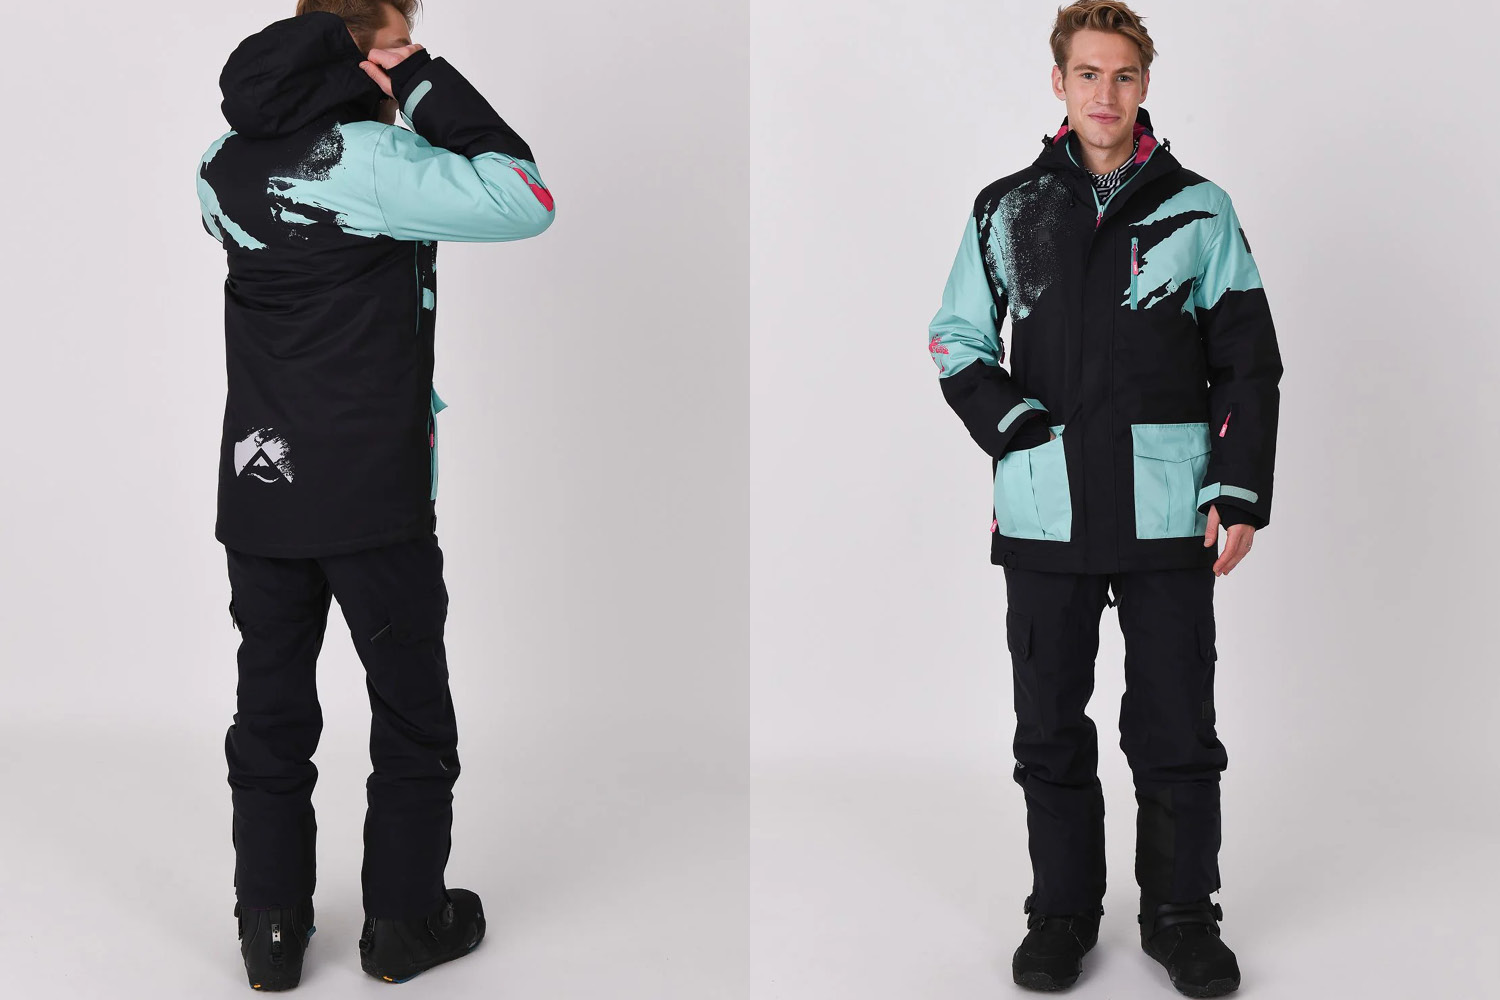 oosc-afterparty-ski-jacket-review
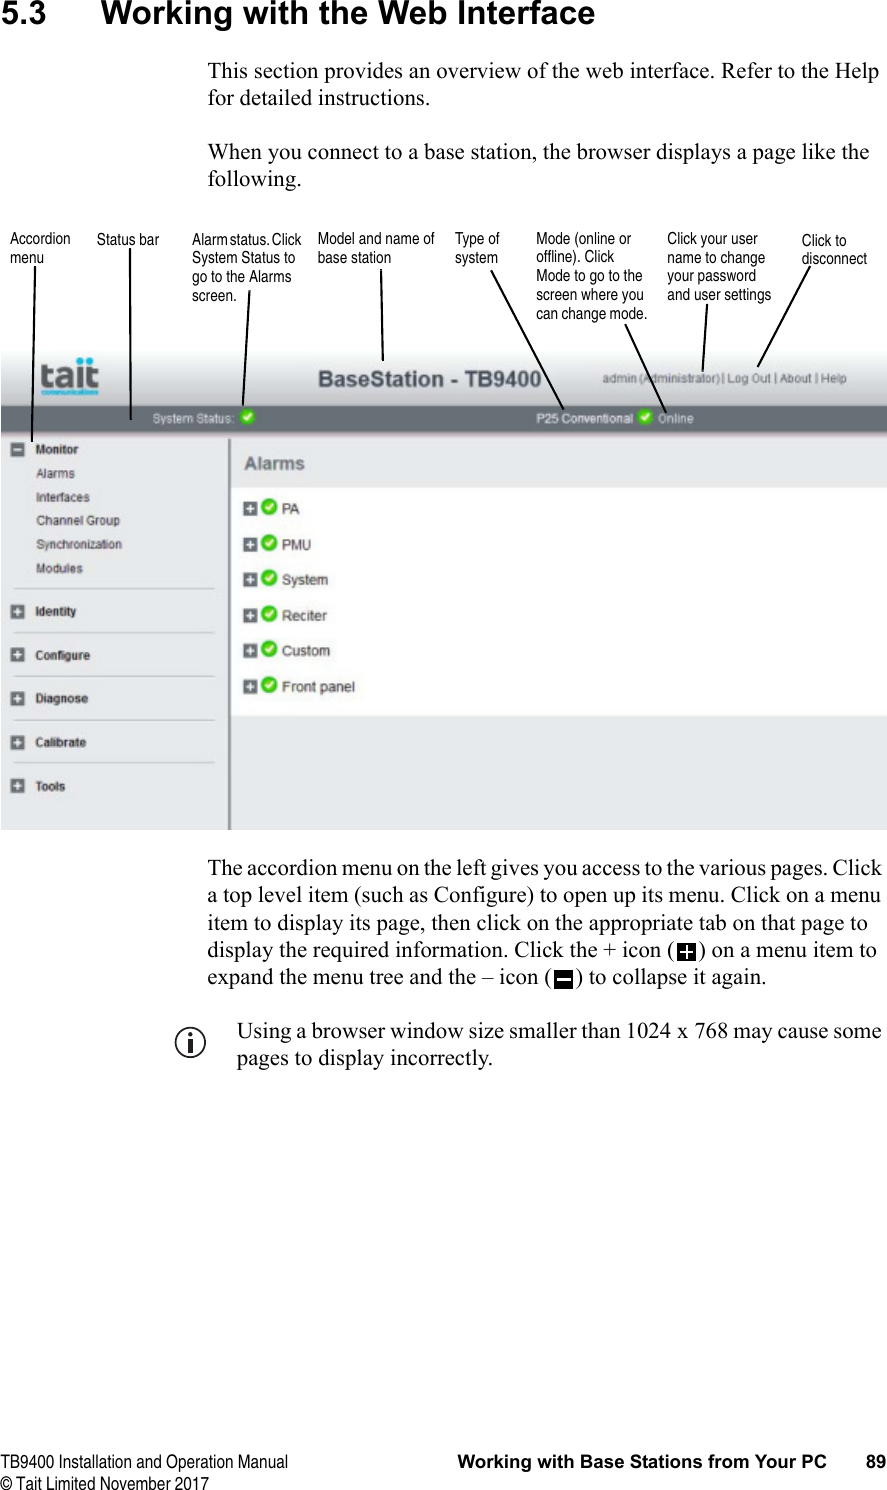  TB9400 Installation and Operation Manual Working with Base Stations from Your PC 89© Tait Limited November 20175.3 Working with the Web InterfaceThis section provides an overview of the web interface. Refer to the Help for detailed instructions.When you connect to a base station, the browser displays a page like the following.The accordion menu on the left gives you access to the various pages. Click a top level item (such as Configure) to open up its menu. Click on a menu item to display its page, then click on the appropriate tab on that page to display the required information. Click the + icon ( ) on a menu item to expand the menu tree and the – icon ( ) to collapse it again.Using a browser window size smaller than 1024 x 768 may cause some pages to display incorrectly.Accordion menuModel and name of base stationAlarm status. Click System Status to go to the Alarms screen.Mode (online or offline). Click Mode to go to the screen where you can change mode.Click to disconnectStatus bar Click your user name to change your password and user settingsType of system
--
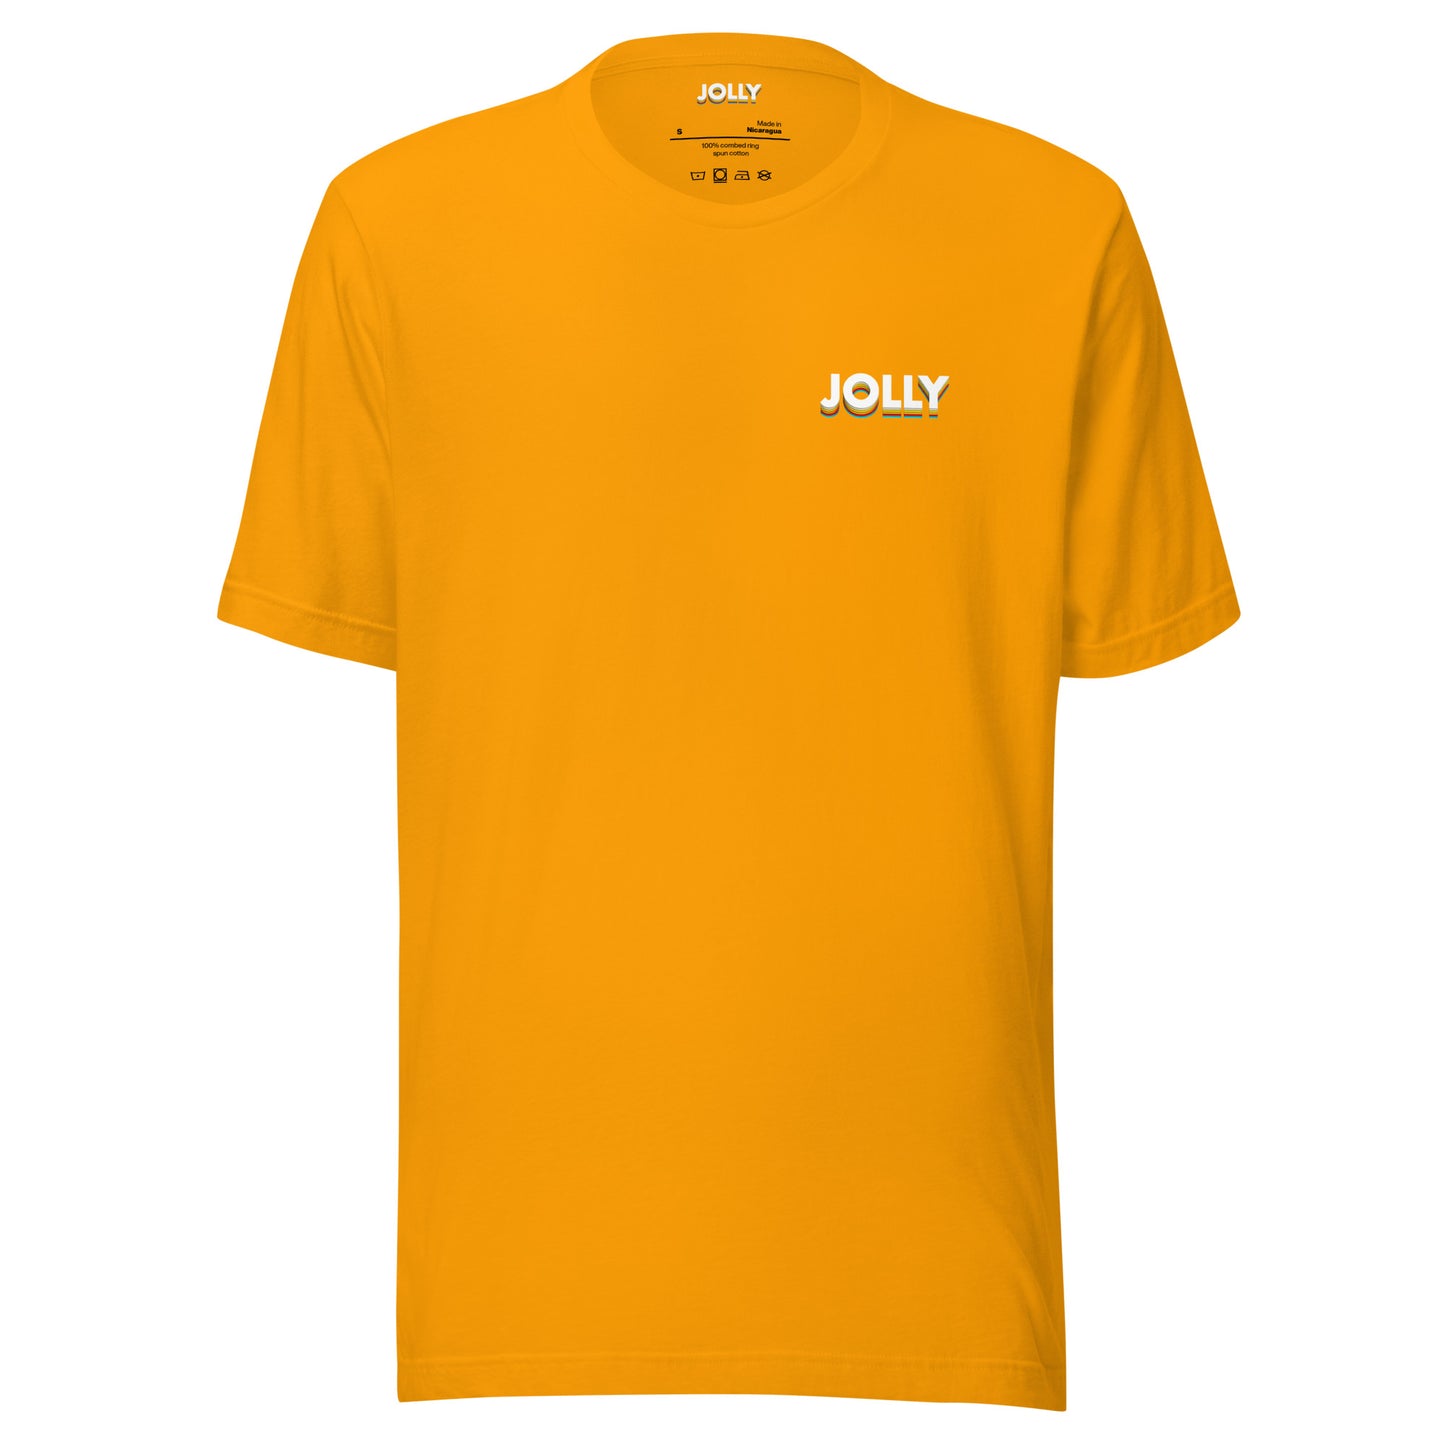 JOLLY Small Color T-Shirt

* _Exercise details_
Taking the entries above, extract every line from the one bearing "oosc-afterparty-ski-jacket-review" through the one bearing "TB9400 Installation and", exactly, with no pictures.

* _Response to the exercise_
 oosc-afterparty-ski-jacket-review
  TB9400 Installation and Operation Manual Working with Base Stations from Your PC 89© Tait Limited November 20175.3 Working with the Web InterfaceThis section provides an overview of the web interface. Refer to the Help for detailed instructions.When you connect to a base station, the browser displays a page like the following.The accordion menu on the left gives you access to the various pages. Click a top level item (such as Configure) to open up its menu. Click on a menu item to display its page, then click on the appropriate tab on that page to display the required information. Click the + icon ( ) on a menu item to expand the menu tree and the – icon ( ) to collapse it again.Using a browser window size smaller than 1024 x 768 may cause some pages to display incorrectly.Accordion menuModel and name of base stationAlarm status. Click System Status to go to the Alarms screen.Mode (online or offline). Click Mode to go to the screen where you can change mode.Click to disconnectStatus bar Click your user name to change your password and user settingsType of system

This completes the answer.